Your copy of the data should match it exactly, except that the pictures are gone.

Given data START

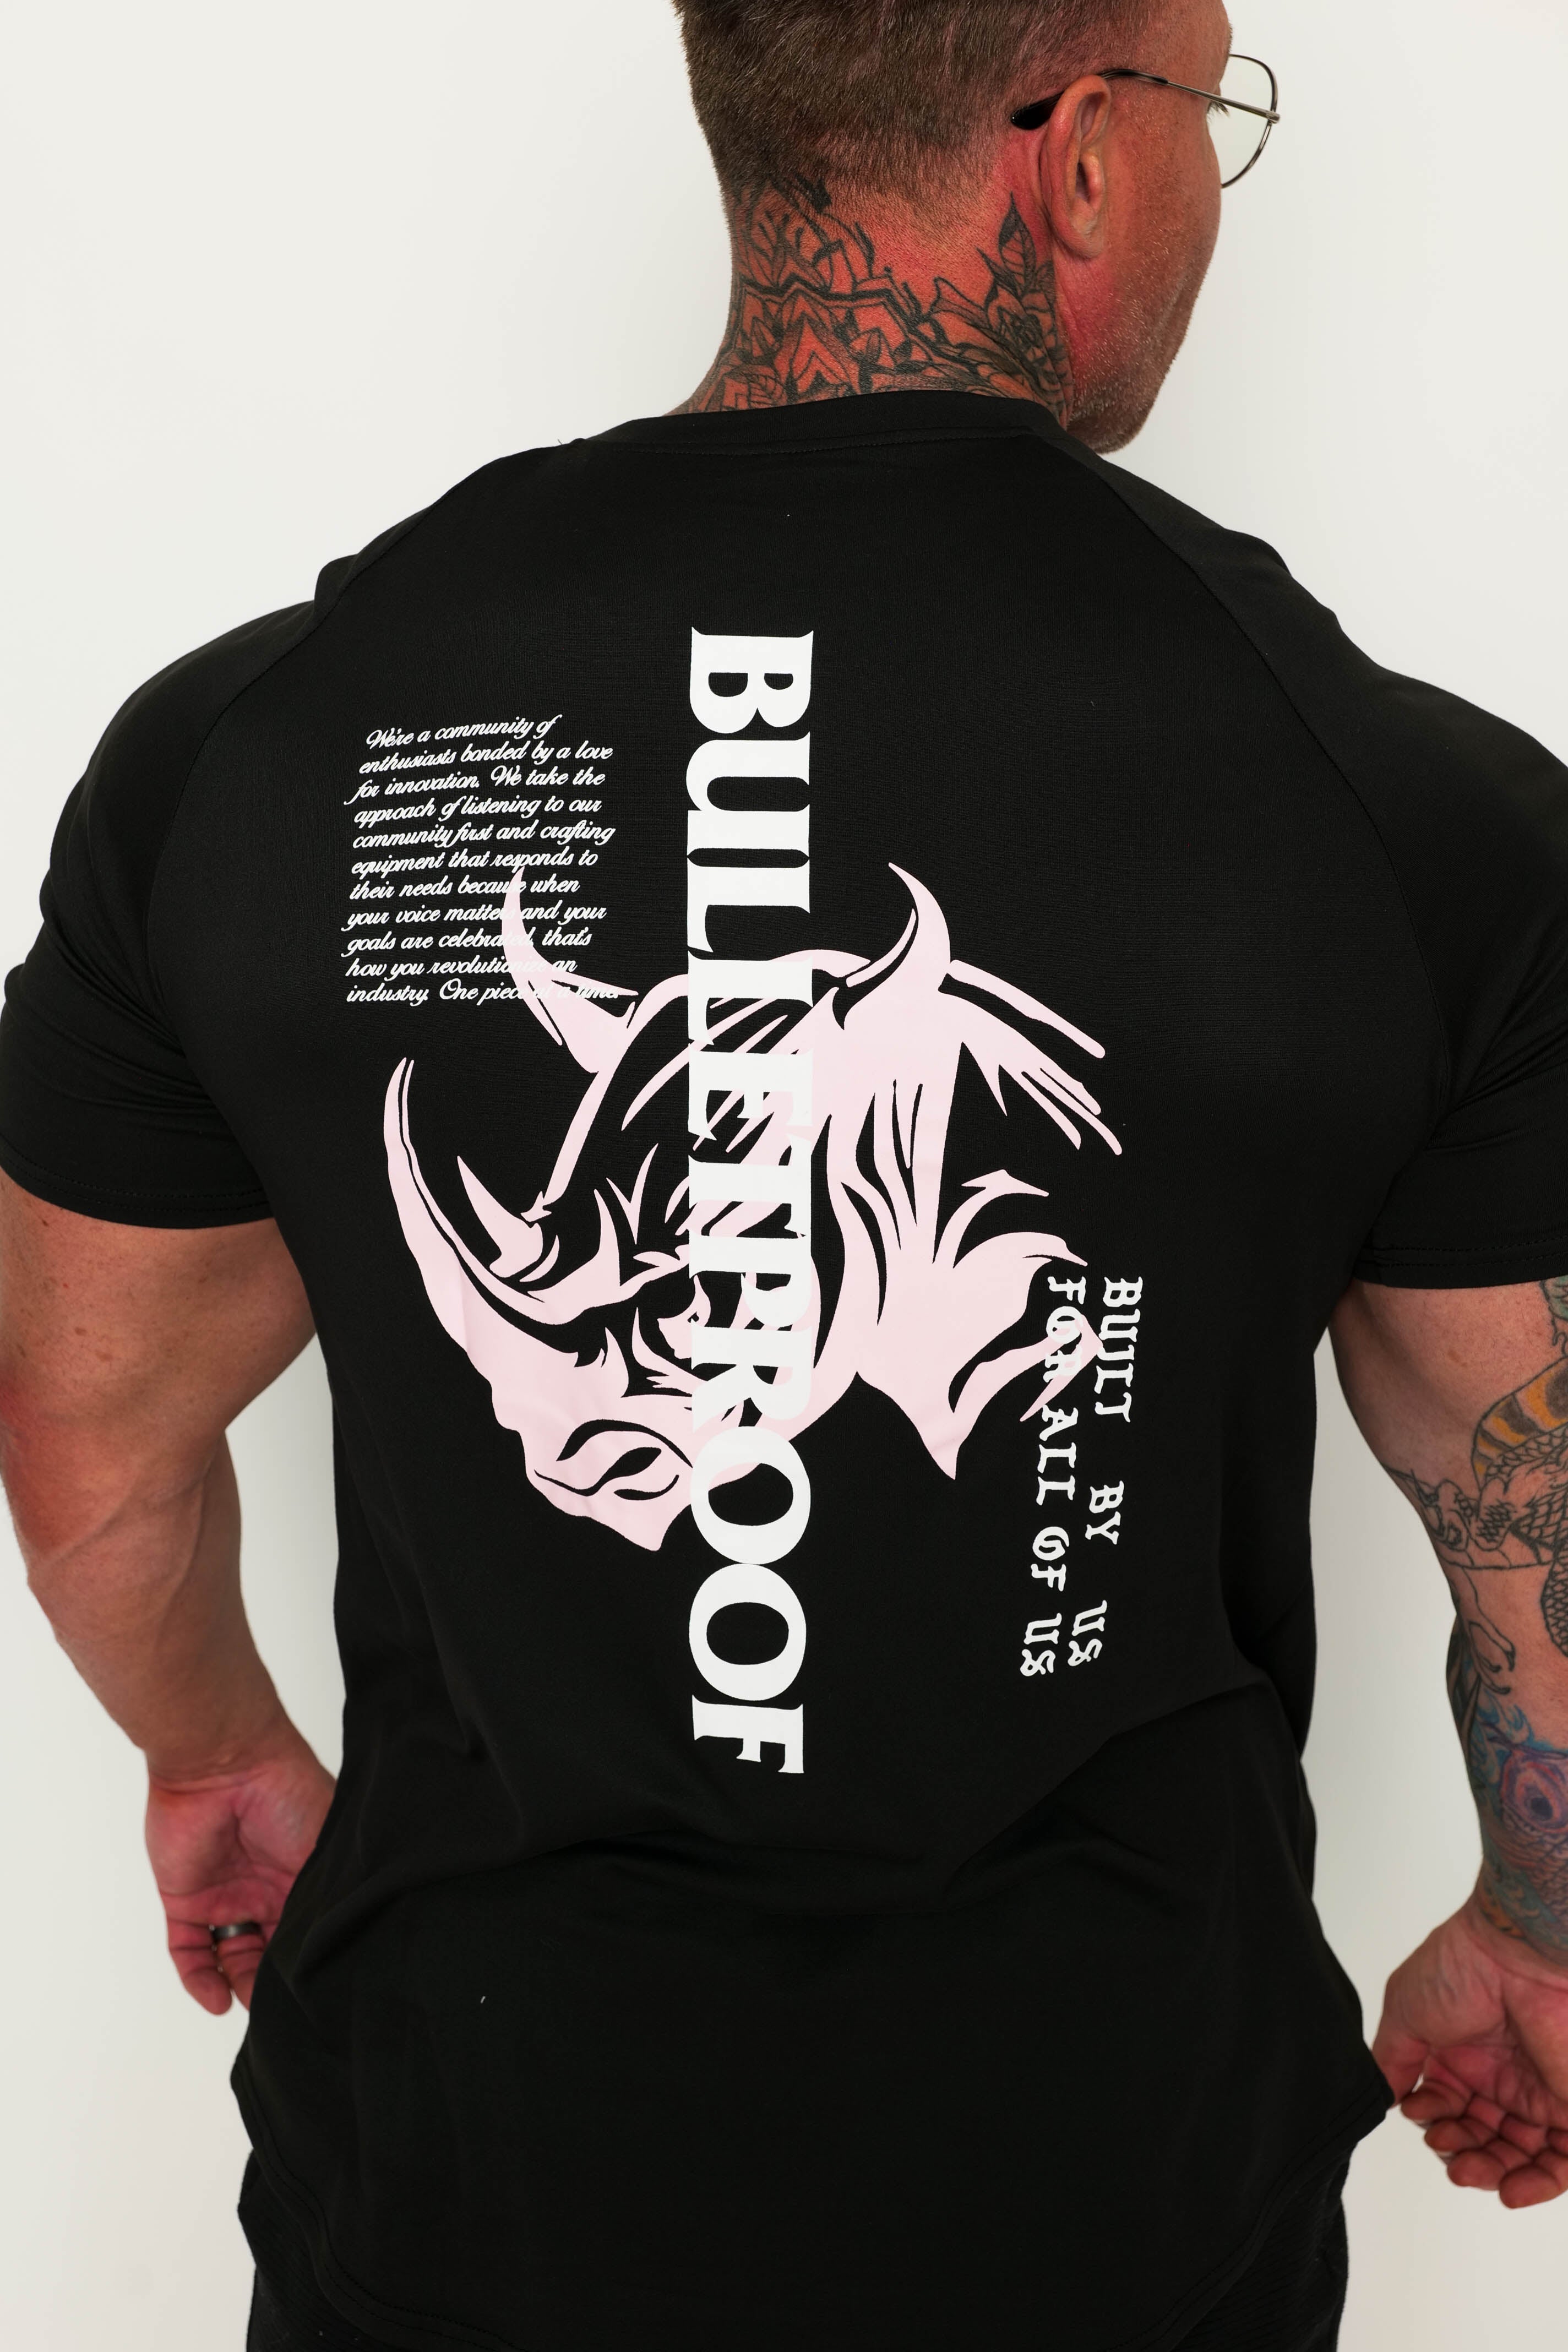 T-SHIRT - Rhino Clan Power Team: Built by Us for Us
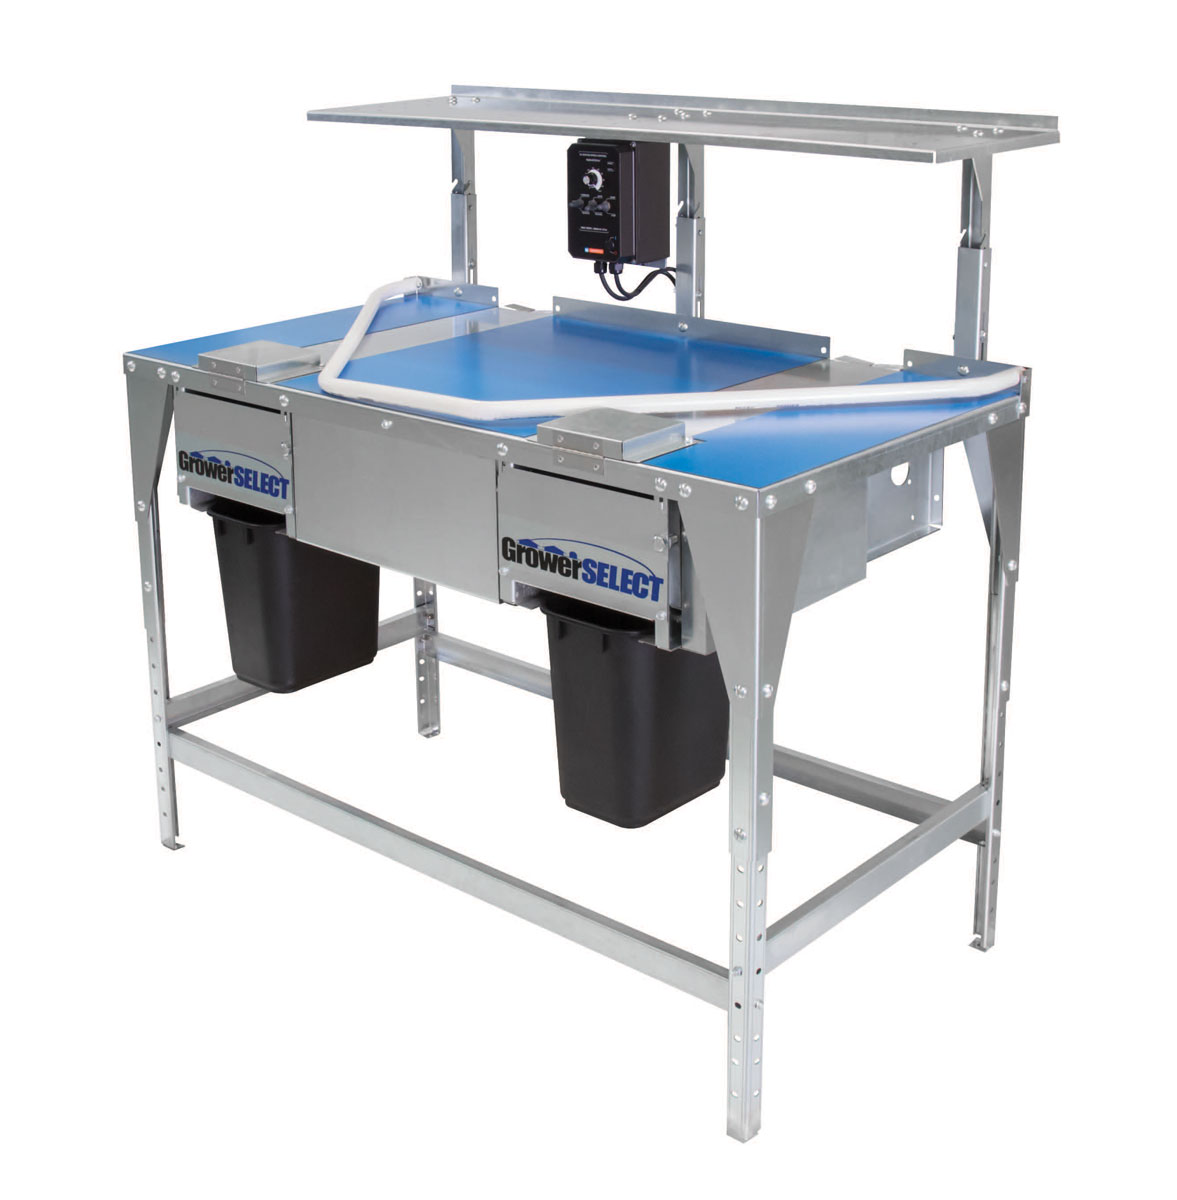 GrowerSELECT Egg Collection Tables are available in side-belt and center-belt models. (Shown: Side-belt egg collection table, Item # GSN-5200)
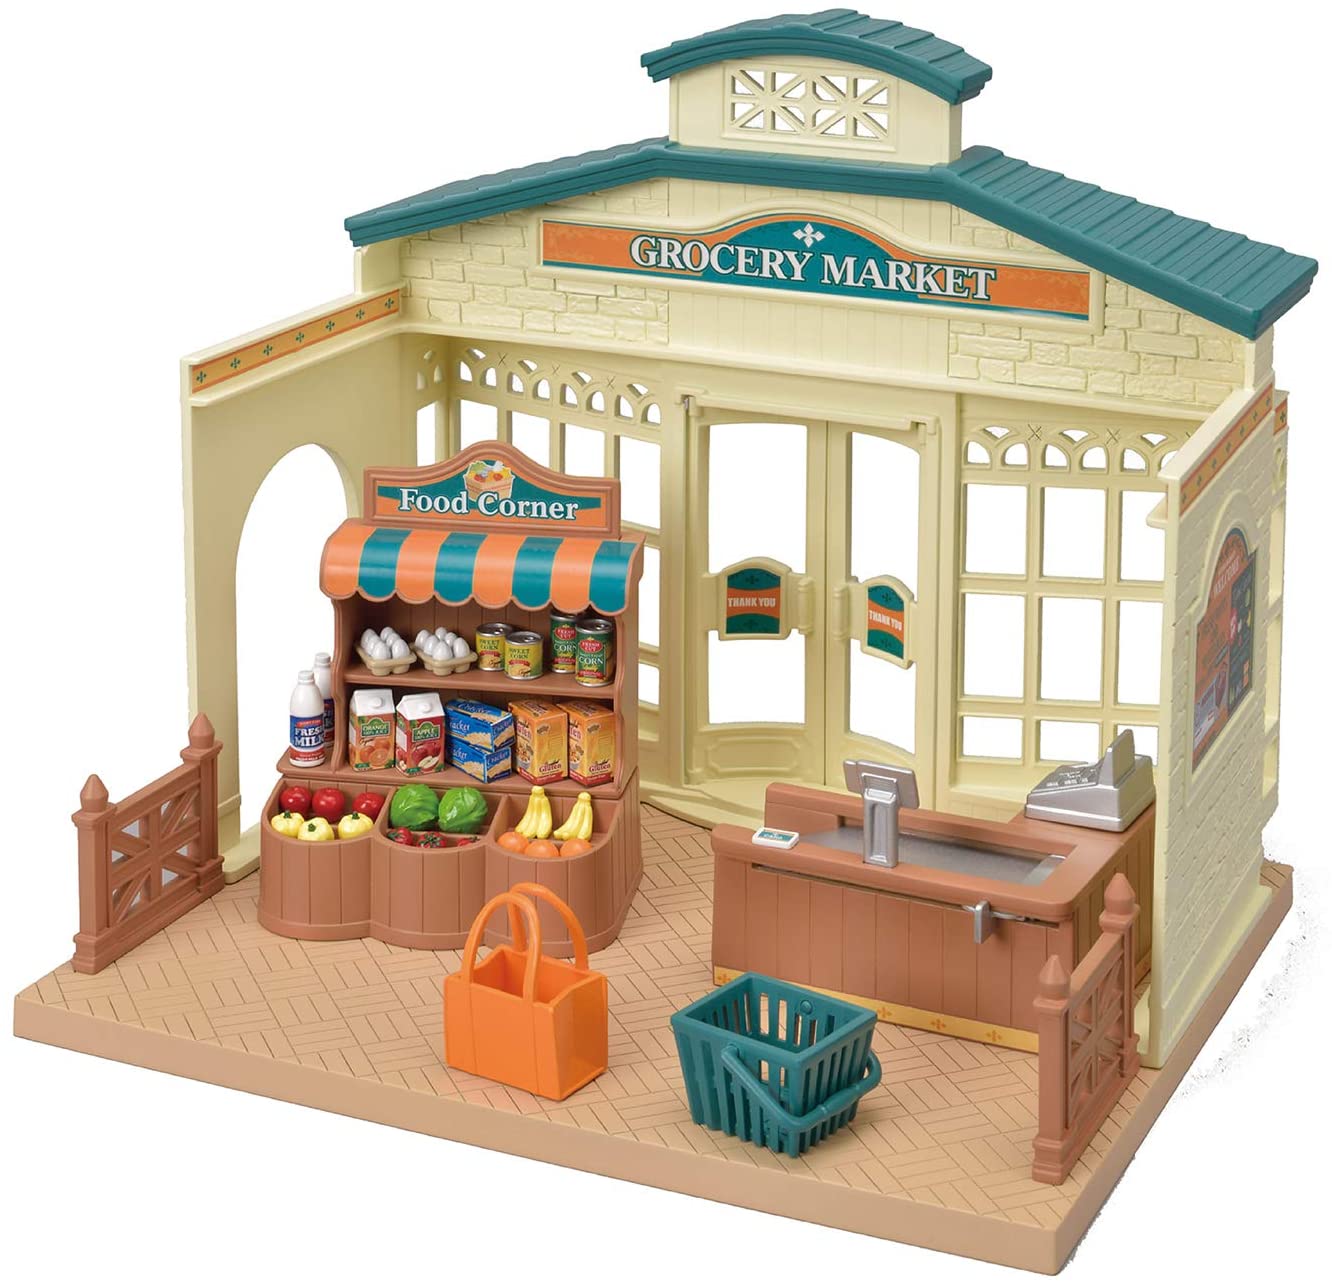 Grocery Market by Calico Critters #CC1788

Given data END

* _Solution to the problem_
 T-SHIRT - Rhino Clan Power Team: Built by Us for Us
 GrowerSELECT Egg Collection Tables are available in side-belt and center-belt models. (Shown: Side-belt egg collection table, Item # GSN-5200)
 Grocery Market by Calico Critters #CC1788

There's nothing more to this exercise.